Central Bank Intervention

Central banks occasionally intervene directly in forex markets to smooth disorderly movements or defend target levels. Japan intervened multiple times in 2022–2023 to support the yen when it fell sharply against the dollar. China's People's Bank of China manages the yuan (renminbi) within a daily trading band around a central rate it sets each morning.

Interventions involve buying or selling the domestic currency in exchange for foreign reserves. A central bank defending a weakening currency sells foreign reserves and buys domestic currency. Reserve depletion limits how long this can continue—the 1997 Asian financial crisis involved speculative attacks on pegged currencies that exhausted reserves and forced devaluations in Thailand, Indonesia, South Korea, and others.

Real vs. Nominal Exchange Rates

  • Nominal exchange rate: The actual observed rate at which currencies trade in markets (e.g., 1.10 USD per EUR)
  • Real exchange rate: The nominal rate adjusted for relative inflation between two countries; measures actual competitiveness of goods and services

A country with higher inflation than its trading partners sees its real exchange rate appreciate even if the nominal rate stays flat, making its exports less competitive. Real exchange rate movements determine trade flows over the medium and long term more reliably than nominal rates alone.

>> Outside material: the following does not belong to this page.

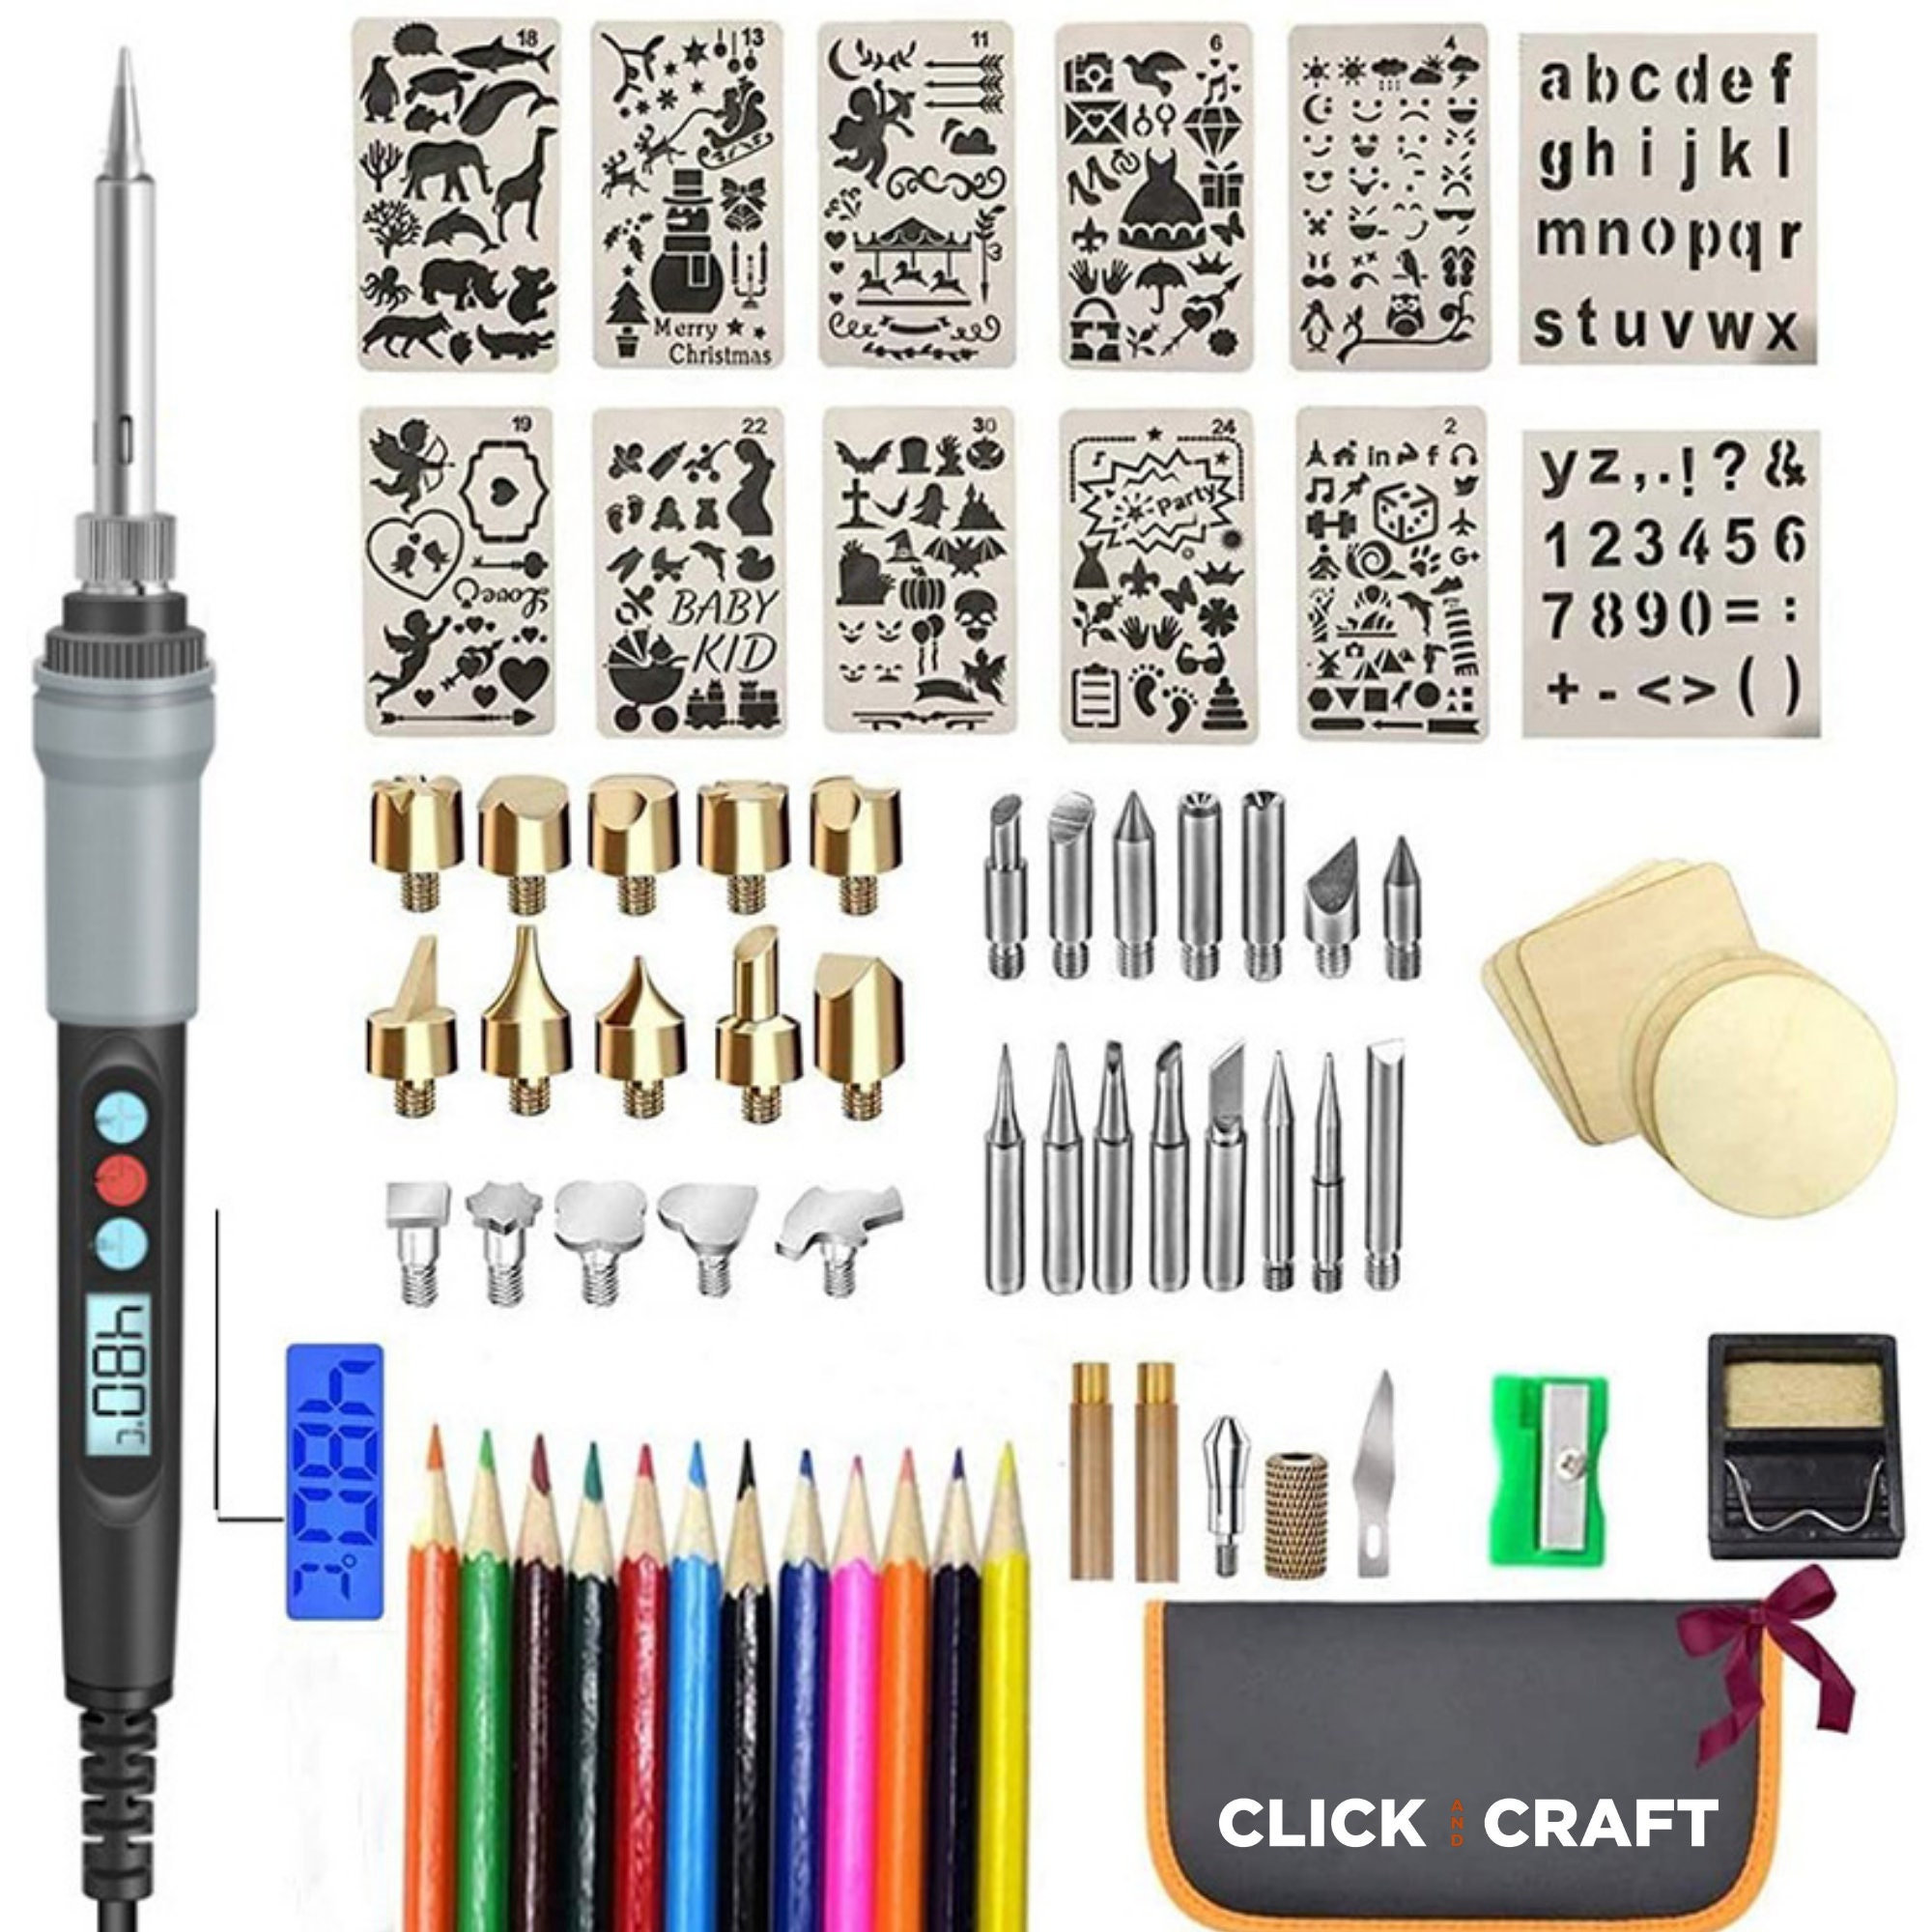 Wood Burning Tools Kit,professional Pyrography Wood Burning Kit for  Beginners Adults,110v 50W Pointer Display Pyrography

Impact on Businesses and Consumers

Impact AreaStrong Dollar EffectWeak Dollar Effect
U.S. exportersProducts more expensive abroad; exports fallProducts cheaper abroad; exports rise
U.S. importersForeign goods cheaper; imports riseForeign goods more expensive; imports fall
U.S. tourists abroadMore purchasing power abroadLess purchasing power abroad
Foreign companies with USD earningsEarnings worth more in home currencyEarnings worth less in home currency
U.S. inflationCheaper imports help suppress inflationCostlier imports contribute to inflation

Exchange rate movements are simultaneously prices, policy tools, and barometers of relative economic conditions—which is why the forex market's enormous daily volume reflects so many different participants managing so many different exposures.